When I objected against bringing mmap into ODE it was because I didn't
want a memory allocation implementation inside ODE. Why should I trust
the physics engine developers to do systems programming better than a
systems programmer (which can be either the authors of the C runtime, or
the application writer doing application-specific optimizations)?
My position is: I think committing all your changes to the trunk was a
bit premature. I don't think a memory allocator belongs to ODE, but
means to define your own are needed.
----- Original Message -----From: Oleh DerevenkoSent: Tuesday, June 23, 2009 11:29 AMSubject: [ode-users] Re: Quickstep without alloca (final)
By following your reasoning, there should be a
Stepper object that contains these attributes, and perform the simulation.
> If you already have the attributes that customize world stepping via
> world object fields - that's your problem and your mistake.

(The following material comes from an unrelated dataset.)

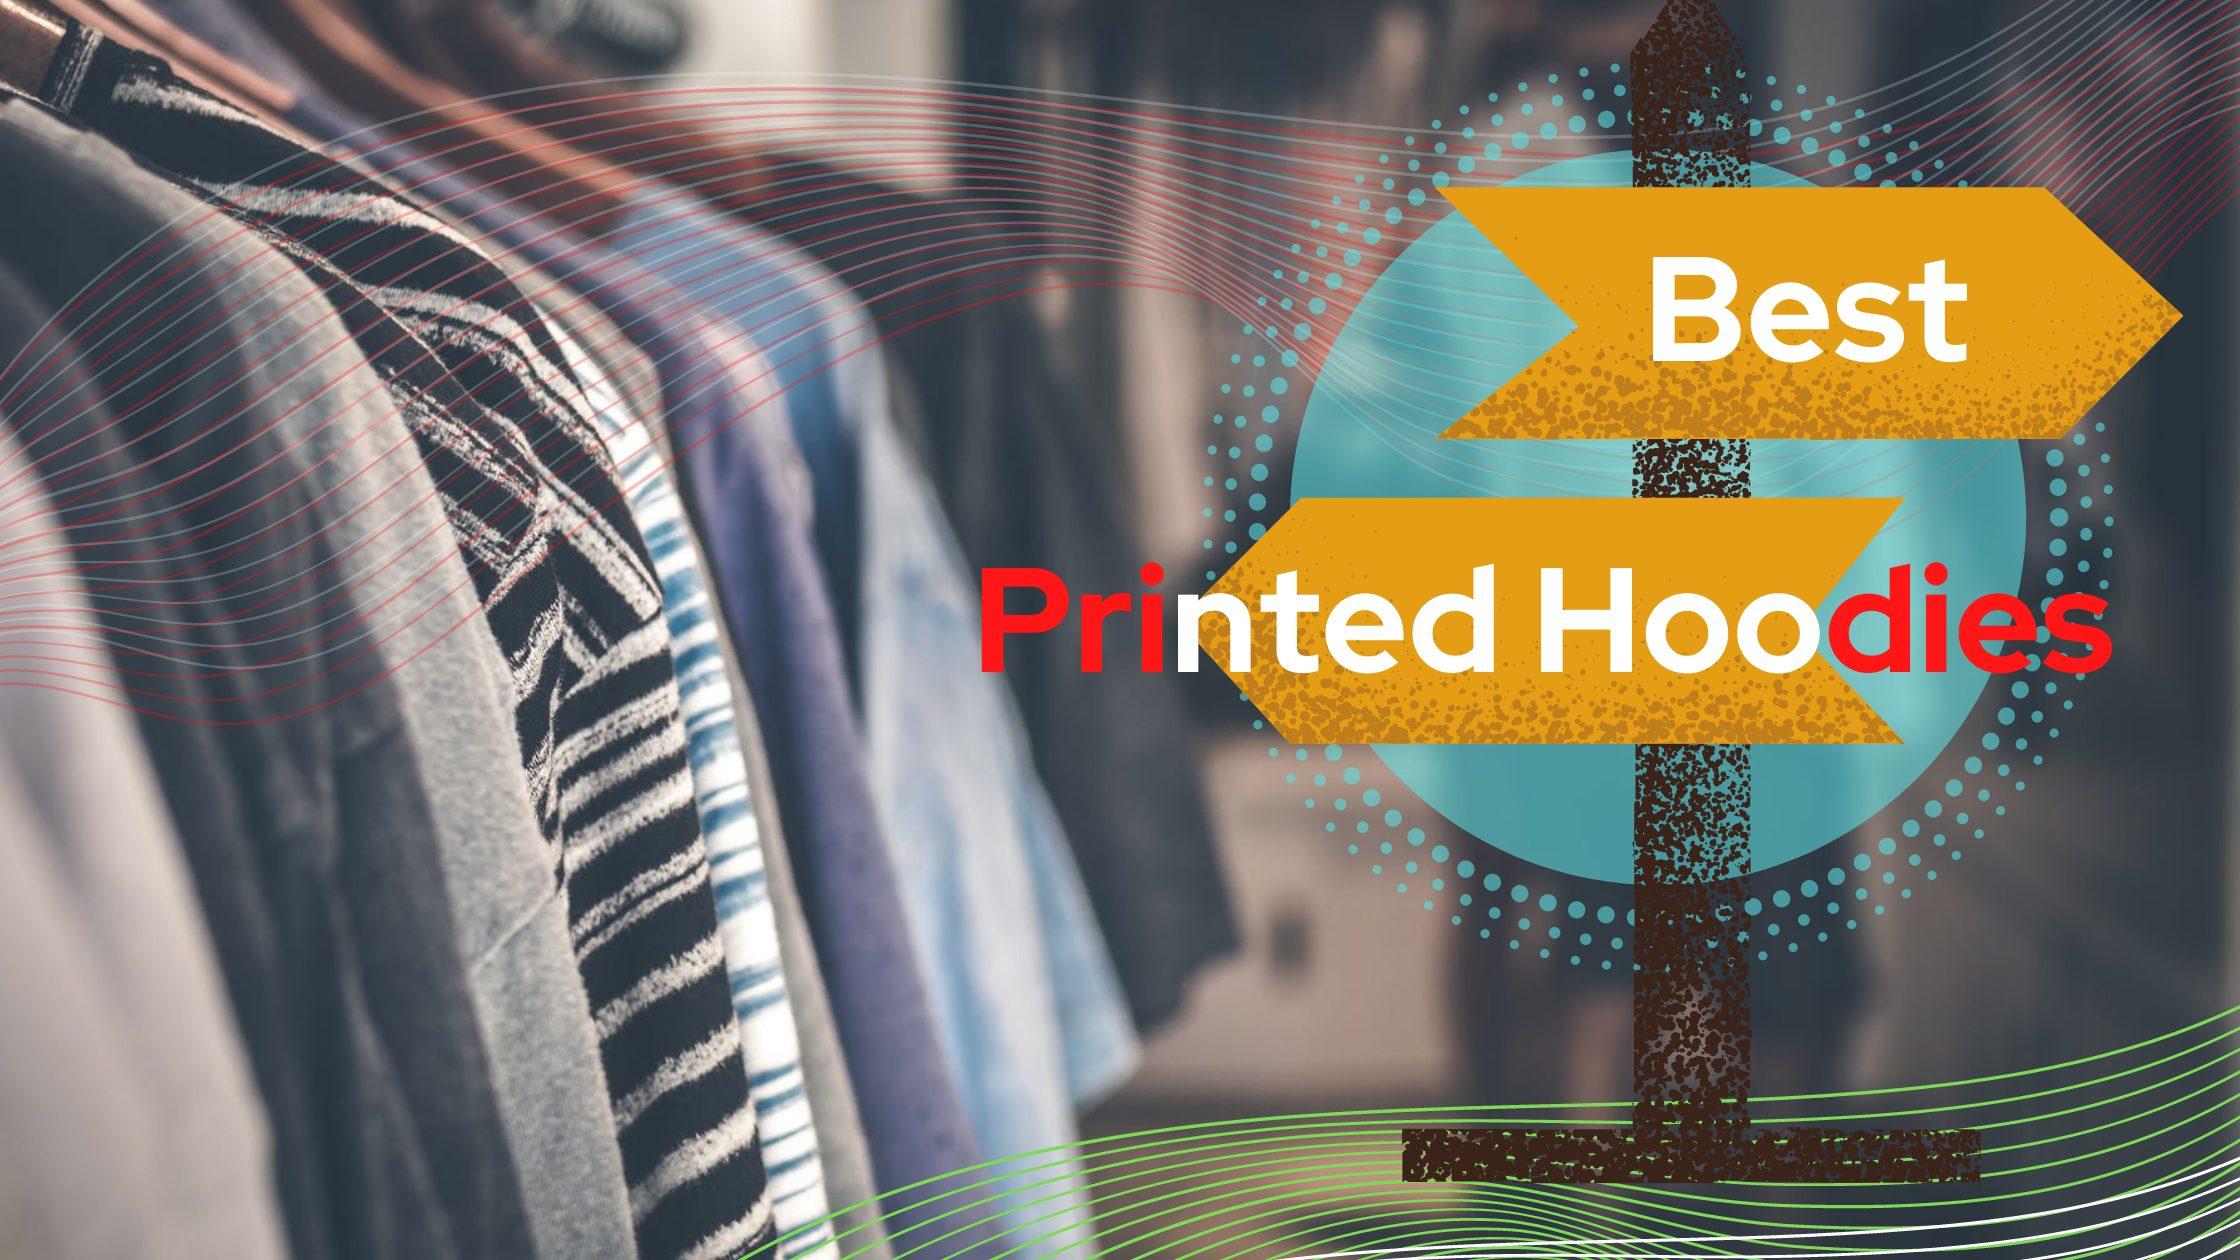 Best Printed Hoodies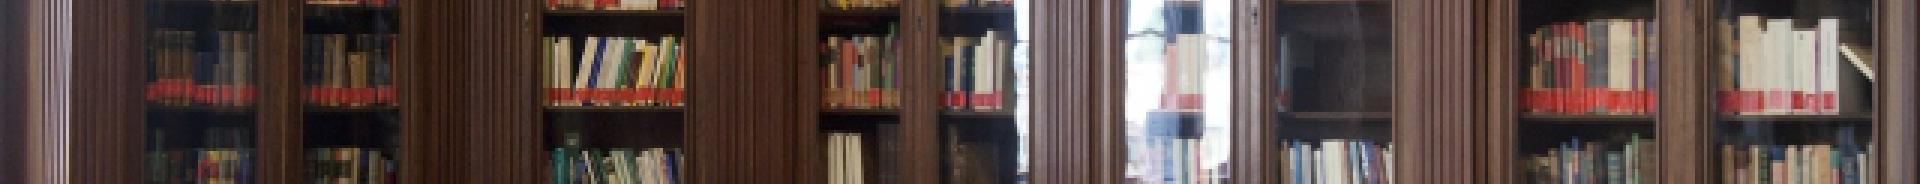 foto biblioteca sezione romano

You mean, ERP, gravity, contact layer, auto disabling... every single
attribute of the World that is only used in stepping... should move
outside the World? The World exists to manage the simulation; but you
want to reduce it to nothing but a list of bodies and joints?
Actually, the list of bodies and joints is only useful for the stepping.
So let's move it too to the Stepper class. But wait, that leaves only
dWorldCreate and dWorldDestroy... The Stepper is now the World. So the
World is was the entity responsible for moving the simulation one step
ahead... who would have thought?
> But you are the
> admin of the project and I'm not goint to kill my nerves on arguing
> with you and proving anything to you. I can do it any way you like
> it.
Now, with all seriousness.
I'm as much the project admin as you are.
This is not a matter of preference. I think you are over-designing a
solution which will lower the usability of ODE in general.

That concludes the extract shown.